I'm posting my finding in a few of the responses I've seen that didn't mention what I ran into, and apprently this would even defeat BigDump, so check it:
I was trying to load a 500 meg dump via Linux command line and kept getting the "Mysql server has gone away" errors. Settings in my.conf didn't help. What turned out to fix it is...I was doing one big extended insert like:
insert into table (fields) values (a record, a record, a record, 500 meg of data);
I needed to format the file as separate inserts like this:
insert into table (fields) values (a record);
insert into table (fields) values (a record);
insert into table (fields) values (a record);
Etc.
And to generate the dump, I used something like this and it worked like a charm:
SELECT
id,
status,
email
FROM contacts
INTO OUTFILE '/tmp/contacts.sql'
FIELDS TERMINATED BY ','
OPTIONALLY ENCLOSED BY '"'
LINES STARTING BY "INSERT INTO contacts (id,status,email) values ("
TERMINATED BY ');\n'
I have made a PHP script which is designed to import large database dumps which have been generated by phpmyadmin or mysql dump (from cpanel) . It's called PETMI and you can download it here [project page] [gitlab page].

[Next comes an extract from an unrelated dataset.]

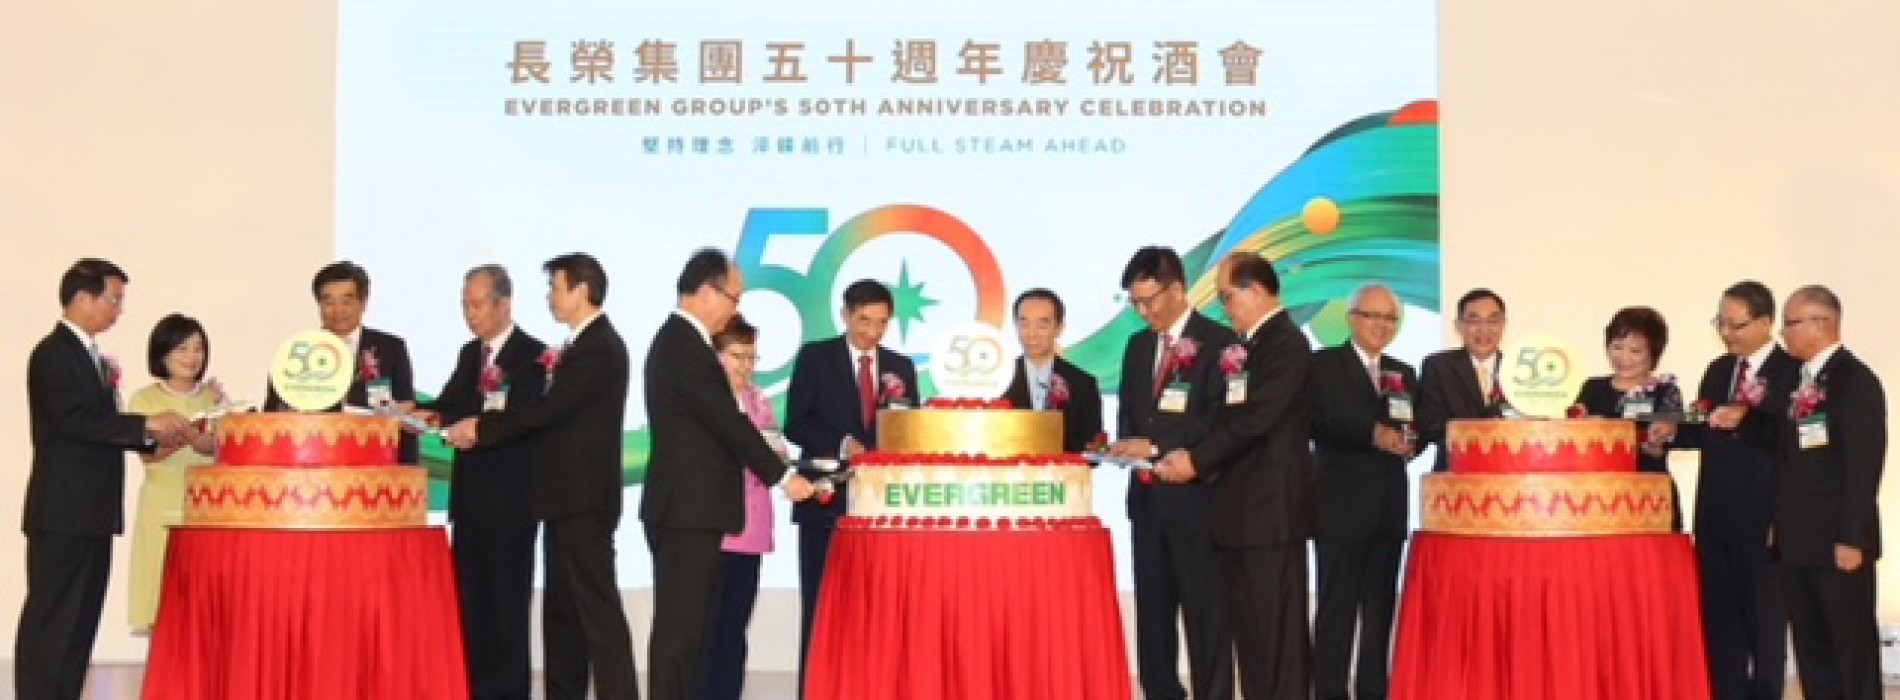 Evergreen Group celebrates 50th Anniversary

It works by splitting an. sql file into smaller files called a split and processing each split one at a time. Splits which fail to process can be processed manually by the user in phpmyadmin. This can be easily programmed as in sql dumps, each command is on a new line. Some things in sql dumps work in phpmyadmin imports but not in mysqli_query so those lines have been stripped from the splits.
It has been tested with a 1GB database. It has to be uploaded to an existing website. PETMI is open source and the sample code can be seen on Gitlab.
A moderator asked me to provide some sample code. I'm on a phone so excuse the formatting.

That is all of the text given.